Все эти мысли в одно мгновение промелькнули в голове Сами, оставив после себя ощущение какой-то странной боли. Откуда исходит эта боль, Сами не знает. Может, это и есть «душевная боль»? И вдруг он чувствует, что слезы вот-вот брызнут из его глаз. Ему хочется броситься к отцу, обнять его, прижаться к нему изо всех сил, расцеловать его. Прижаться губами к его руке, к его рту, к закрытым глазам, к голове, с которой свалился ночной колпак.

Все эти чувства обрушиваются на Сами совершенно внезапно. К таким переживаниям он совсем не подготовлен, и его трясет, словно в ознобе. Замерев на месте, он пристально вглядывается в спящего отца и чувствует, что прозревает после долгой слепоты. Перед ним его отец — человек совсем ему незнакомый, но такой хороший, такой добрый. Он, Сами, долго искал его и вот наконец нашел.

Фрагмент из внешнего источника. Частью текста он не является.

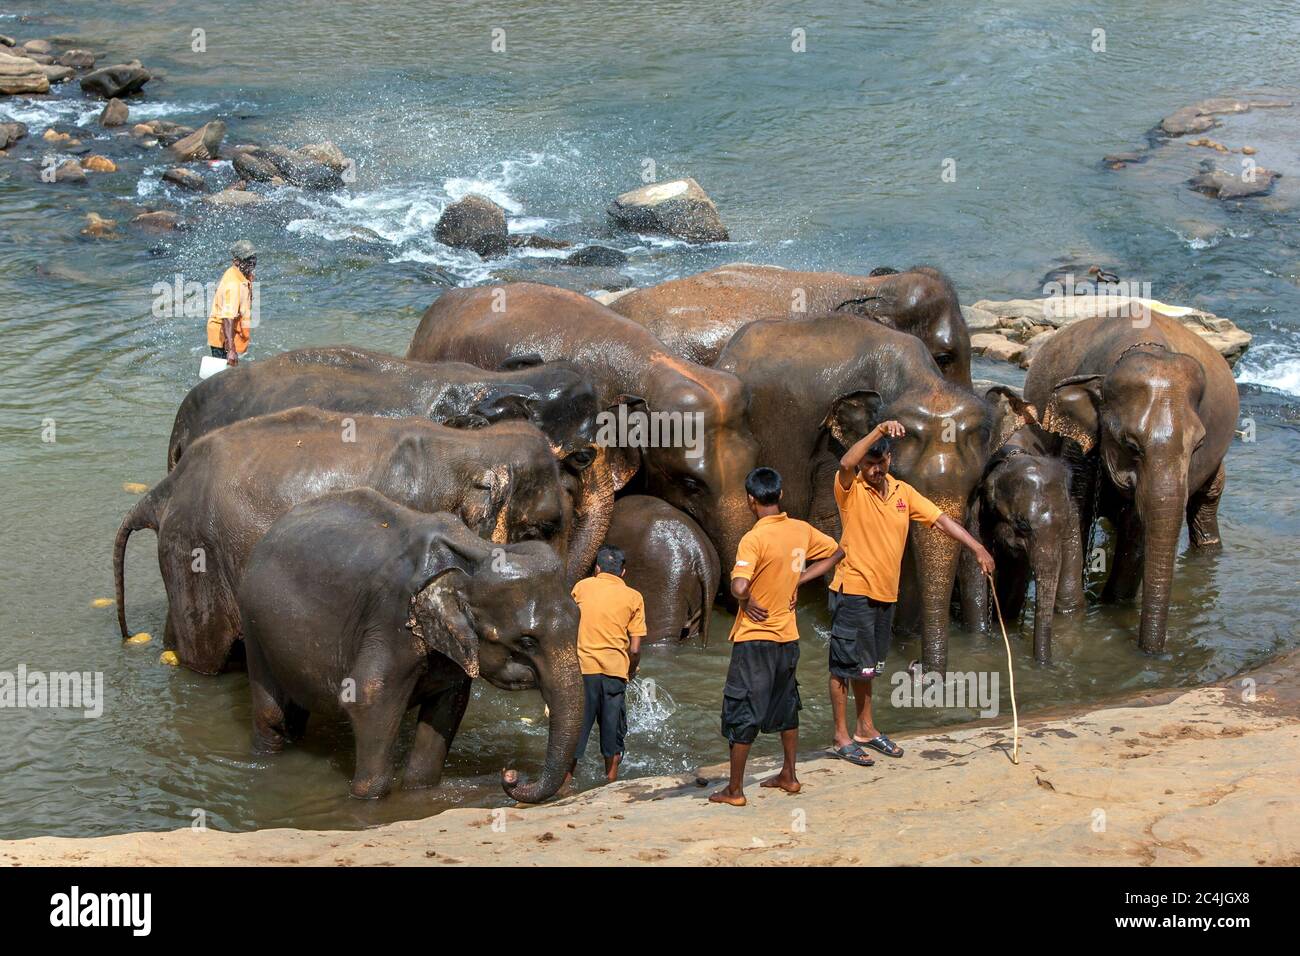 Elephants from the Pinnawala Elephant Orphanage in Sri Lanka bathe in the Maha Oya River as their mahouts keep watch over them. Stock Photo

Сами разглядывает спокойное лицо отца, прислушивается к его храпу. Рука Сами крепко сжимает бумажник. Значит, отец не лгал ему: он бедный и не очень-то счастливый. И у него действительно нет денег.

Неожиданно дыхание отца делается прерывистым — он вот-вот проснется. Сами быстро прикрывает за собой дверь, стремглав бросается к шкафу и замирает возле него. Но отец глубоко вздыхает, а затем привычные раскаты с новой силой оглашают спальню.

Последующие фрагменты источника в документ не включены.